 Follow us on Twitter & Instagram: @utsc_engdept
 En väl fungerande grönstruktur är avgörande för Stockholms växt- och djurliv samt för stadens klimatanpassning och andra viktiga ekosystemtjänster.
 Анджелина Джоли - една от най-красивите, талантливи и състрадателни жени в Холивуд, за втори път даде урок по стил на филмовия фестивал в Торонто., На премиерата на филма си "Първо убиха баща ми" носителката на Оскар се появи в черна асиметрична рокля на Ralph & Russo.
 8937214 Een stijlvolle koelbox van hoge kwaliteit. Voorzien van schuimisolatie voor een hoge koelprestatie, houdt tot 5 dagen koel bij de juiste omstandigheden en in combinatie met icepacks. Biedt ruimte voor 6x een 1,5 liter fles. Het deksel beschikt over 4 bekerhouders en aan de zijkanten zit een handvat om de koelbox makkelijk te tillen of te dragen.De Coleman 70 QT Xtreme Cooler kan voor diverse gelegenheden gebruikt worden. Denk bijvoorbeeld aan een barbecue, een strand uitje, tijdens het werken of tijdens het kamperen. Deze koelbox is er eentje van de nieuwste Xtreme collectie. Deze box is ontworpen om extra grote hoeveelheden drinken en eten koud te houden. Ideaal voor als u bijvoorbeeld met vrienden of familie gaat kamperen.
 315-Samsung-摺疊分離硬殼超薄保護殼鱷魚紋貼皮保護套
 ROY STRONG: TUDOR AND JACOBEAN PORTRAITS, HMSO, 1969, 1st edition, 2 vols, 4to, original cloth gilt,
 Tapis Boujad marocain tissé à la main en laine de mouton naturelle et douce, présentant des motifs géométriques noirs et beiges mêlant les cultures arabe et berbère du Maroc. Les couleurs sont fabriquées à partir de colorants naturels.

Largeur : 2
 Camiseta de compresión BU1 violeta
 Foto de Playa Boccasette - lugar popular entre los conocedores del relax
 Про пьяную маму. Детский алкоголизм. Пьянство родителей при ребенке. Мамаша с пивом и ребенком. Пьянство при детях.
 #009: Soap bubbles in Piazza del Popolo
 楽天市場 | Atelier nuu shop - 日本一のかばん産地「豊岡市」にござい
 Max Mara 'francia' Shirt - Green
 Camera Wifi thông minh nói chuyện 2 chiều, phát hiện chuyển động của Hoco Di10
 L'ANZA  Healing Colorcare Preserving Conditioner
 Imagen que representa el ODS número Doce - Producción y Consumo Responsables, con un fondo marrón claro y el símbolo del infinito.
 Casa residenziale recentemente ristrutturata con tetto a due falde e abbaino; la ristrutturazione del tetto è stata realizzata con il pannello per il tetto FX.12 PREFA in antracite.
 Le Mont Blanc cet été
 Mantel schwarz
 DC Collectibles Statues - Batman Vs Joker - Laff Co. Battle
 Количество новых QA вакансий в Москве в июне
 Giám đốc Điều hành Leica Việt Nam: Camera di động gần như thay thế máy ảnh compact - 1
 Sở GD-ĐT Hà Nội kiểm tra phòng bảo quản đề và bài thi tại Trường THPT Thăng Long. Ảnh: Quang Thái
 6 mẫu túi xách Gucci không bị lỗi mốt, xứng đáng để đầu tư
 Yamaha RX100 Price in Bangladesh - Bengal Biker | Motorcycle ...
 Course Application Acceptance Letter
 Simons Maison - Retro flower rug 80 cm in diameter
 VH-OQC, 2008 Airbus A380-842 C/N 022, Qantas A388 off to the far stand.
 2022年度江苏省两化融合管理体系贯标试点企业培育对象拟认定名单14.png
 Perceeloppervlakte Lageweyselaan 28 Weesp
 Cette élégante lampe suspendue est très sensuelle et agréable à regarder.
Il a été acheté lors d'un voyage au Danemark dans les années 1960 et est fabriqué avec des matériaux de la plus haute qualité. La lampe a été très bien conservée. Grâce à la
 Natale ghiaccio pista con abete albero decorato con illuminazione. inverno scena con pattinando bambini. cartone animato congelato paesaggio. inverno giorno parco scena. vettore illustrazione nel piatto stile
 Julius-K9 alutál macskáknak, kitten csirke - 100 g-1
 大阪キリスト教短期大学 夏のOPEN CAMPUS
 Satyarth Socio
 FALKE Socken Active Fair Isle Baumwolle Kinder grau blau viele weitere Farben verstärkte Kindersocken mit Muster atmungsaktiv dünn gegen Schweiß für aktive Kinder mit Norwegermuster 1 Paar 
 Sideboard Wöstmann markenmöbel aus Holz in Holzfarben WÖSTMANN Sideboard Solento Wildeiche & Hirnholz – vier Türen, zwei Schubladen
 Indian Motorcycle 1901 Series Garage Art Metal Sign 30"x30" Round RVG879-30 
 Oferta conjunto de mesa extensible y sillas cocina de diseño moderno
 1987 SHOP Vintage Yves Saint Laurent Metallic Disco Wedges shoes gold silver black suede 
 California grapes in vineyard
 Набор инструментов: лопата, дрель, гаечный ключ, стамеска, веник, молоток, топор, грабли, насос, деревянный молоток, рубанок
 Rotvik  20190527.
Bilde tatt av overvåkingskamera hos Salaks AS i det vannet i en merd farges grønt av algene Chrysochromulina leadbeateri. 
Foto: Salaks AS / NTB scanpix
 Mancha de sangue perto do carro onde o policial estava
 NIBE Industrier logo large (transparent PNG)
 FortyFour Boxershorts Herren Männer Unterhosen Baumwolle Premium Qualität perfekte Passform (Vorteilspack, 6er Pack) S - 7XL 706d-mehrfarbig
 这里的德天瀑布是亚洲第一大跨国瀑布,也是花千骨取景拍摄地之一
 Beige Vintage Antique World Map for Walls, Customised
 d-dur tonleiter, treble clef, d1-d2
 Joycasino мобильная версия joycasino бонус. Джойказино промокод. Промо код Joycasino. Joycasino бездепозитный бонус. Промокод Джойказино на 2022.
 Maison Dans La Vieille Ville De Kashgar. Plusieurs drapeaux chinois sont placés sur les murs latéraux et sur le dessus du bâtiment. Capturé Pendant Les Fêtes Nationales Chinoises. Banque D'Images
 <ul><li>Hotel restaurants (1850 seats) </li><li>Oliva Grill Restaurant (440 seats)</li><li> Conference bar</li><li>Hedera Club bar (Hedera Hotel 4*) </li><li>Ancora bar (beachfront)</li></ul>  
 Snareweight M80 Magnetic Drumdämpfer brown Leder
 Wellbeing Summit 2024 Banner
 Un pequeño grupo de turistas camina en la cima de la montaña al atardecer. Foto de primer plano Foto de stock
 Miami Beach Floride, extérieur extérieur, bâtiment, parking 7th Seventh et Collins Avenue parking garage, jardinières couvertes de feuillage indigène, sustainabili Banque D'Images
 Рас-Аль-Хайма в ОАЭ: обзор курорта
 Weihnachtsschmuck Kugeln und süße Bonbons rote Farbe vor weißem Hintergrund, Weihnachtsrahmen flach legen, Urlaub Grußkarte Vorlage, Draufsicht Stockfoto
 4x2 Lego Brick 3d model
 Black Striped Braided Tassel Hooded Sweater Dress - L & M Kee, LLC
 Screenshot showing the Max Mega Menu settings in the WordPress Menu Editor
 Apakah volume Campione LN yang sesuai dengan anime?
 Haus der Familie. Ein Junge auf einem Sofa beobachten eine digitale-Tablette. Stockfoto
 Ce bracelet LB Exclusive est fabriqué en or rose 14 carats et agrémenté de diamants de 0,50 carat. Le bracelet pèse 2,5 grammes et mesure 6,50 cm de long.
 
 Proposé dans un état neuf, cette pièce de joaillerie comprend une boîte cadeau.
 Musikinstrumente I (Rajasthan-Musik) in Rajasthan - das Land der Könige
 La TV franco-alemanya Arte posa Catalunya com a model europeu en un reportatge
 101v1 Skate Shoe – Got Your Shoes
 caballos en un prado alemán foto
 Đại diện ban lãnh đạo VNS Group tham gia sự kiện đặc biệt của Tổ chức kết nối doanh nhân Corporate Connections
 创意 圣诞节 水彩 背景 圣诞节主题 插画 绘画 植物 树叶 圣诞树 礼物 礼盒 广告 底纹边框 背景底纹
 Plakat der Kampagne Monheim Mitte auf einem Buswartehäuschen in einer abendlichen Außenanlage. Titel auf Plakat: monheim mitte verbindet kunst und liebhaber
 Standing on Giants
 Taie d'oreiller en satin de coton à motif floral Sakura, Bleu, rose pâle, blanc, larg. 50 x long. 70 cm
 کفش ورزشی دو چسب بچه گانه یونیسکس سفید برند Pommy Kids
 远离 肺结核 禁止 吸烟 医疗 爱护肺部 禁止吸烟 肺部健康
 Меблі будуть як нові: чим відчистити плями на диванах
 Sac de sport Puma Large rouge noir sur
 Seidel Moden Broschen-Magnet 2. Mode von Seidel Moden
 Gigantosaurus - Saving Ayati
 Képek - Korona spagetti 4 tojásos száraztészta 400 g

------------------------------------------------

About this task
Return every line above in which the string "Camera" occurs.

Answer to this task
 Camera Wifi thông minh nói chuyện 2 chiều, phát hiện chuyển động của Hoco Di10
 Giám đốc Điều hành Leica Việt Nam: Camera di động gần như thay thế máy ảnh compact - 1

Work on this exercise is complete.